I want to write this about my reconnecting with my mother. I can’t write it. There are drums thumping in my backyard and a bum singing in my front; I love both on some occasions, but not all occasions. As hard as this is, as frustrating as this is, this is my life’s work, and I need to find a way to make it happen.
My mother is a brilliant sculptor. She once went depressively insane — full bodied and real — and I stayed with her for my first year after college to keep her from both blowing up herself and blowing up the block on which she lived—Brownstones in Philly tend to link arm and arm and what happens to one might happen to all—just ask Osage Avenue. The Philadelphia Fires. Just Google it.
I told her to leave — not just leave the foot of my bed at 3am when the 3am Crazies happened upon her, but just to leave. I told her to stop crying, to stop threatening death and to allow me to become my own person. She listened (or perhaps she was simply called) and flew to Scotland to an environmental and spiritual community to become at first a maintenance person (and then, I think, a student, a clown, and then the cook) for—give or take—five years.)
For the sake of brevity I will just say this: I mourned my mother and felt full body and soul that I didn’t have one anymore — a mother that is. It felt easier than one might think since she had not been there for real for many years before that. She had always had my awe and admiration, but she had not always been there to be my mother.
Why do I say this here? I know why I say this here. My mother — for the duration of her motherhood — has needed to pursue her Life’s Work. And when I write need, I mean need.
She returned to the states to care for her own mother in her final days and wanted to drive with me across country where I was to teach for the summer — I won’t even get into the details of it even though I thought at first that these details were the purpose of this essay, because we stopped at Arcosanti and smelled the soil, rang the bells — she just knew that after five years we needed to re-connect. We were both broke — we made rice and beans to have tacos on the way. We feared and therefore avoided the “gators” (the busted-blown truck tires) on the road the best we could. We listened to Moby and Johnny Cash. We slowed down when mean truck drivers got up in our rear. “It’s really great becoming a graying old lady,” she said. “I get away with this kind of thing.”

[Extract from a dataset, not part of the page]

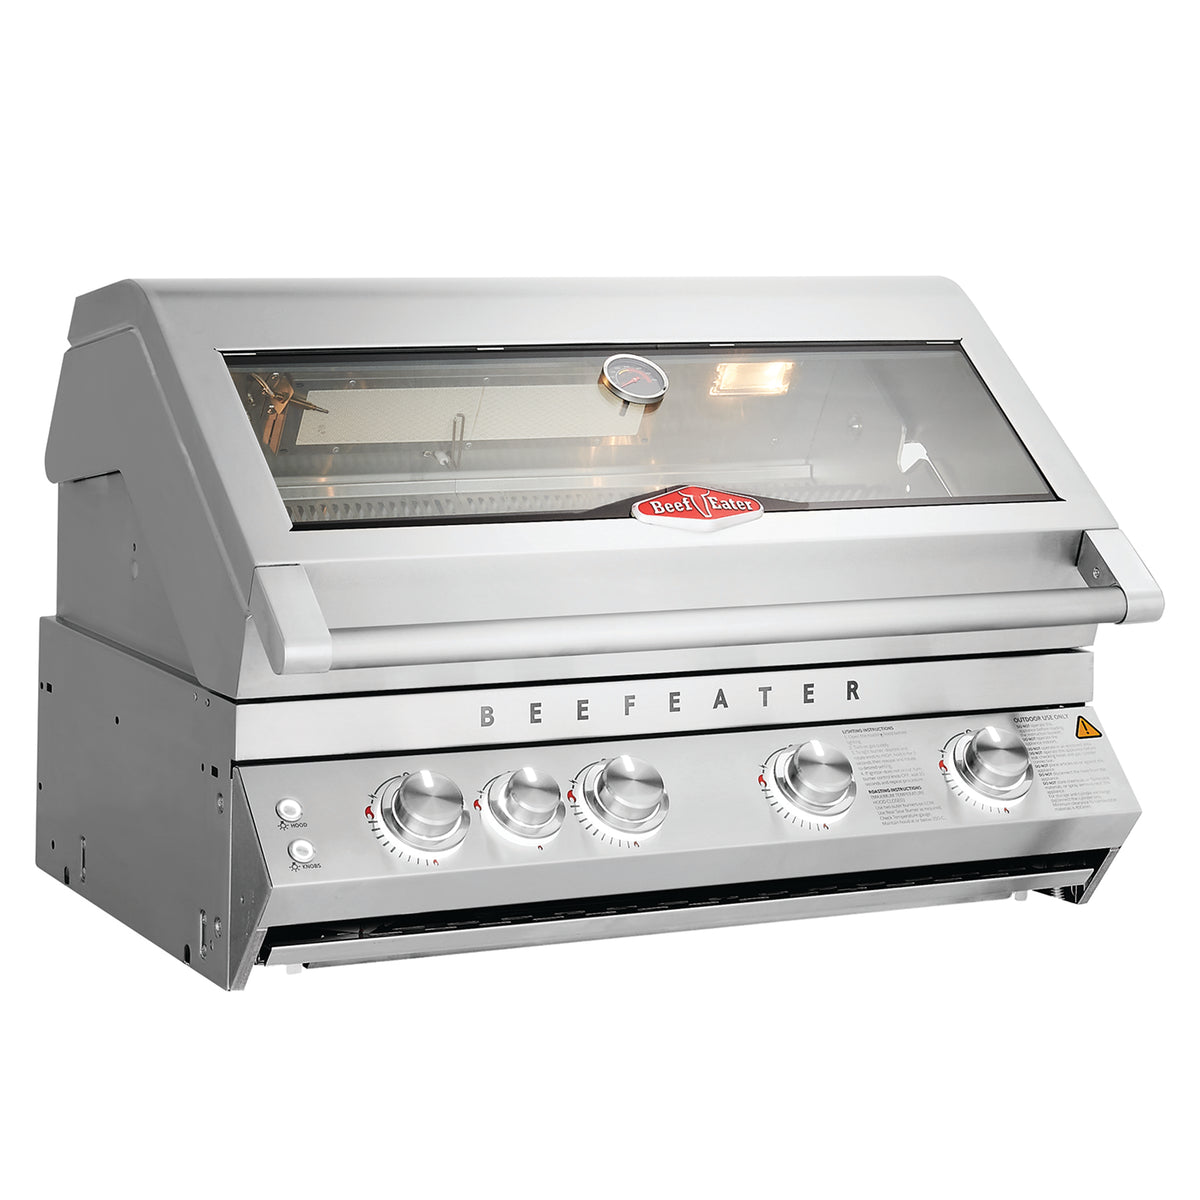 BeefEater 7000 Series Premium 4 Burner Build-In Gas Barbecue

She became my friend, maybe again, maybe for the first time for real, I don’t know. All I truly know is that I had my mother back, and she had just returned from 5 years of pageantry, puppetry, cooking, and healing. And when she came back she took hold of the carving tools, the patinas, the C-grip clamps, and she went again to pursue — but closer to me this time — her Life’s Work. And I felt holy-hell proud of her for it, and I learned from it, too, once again.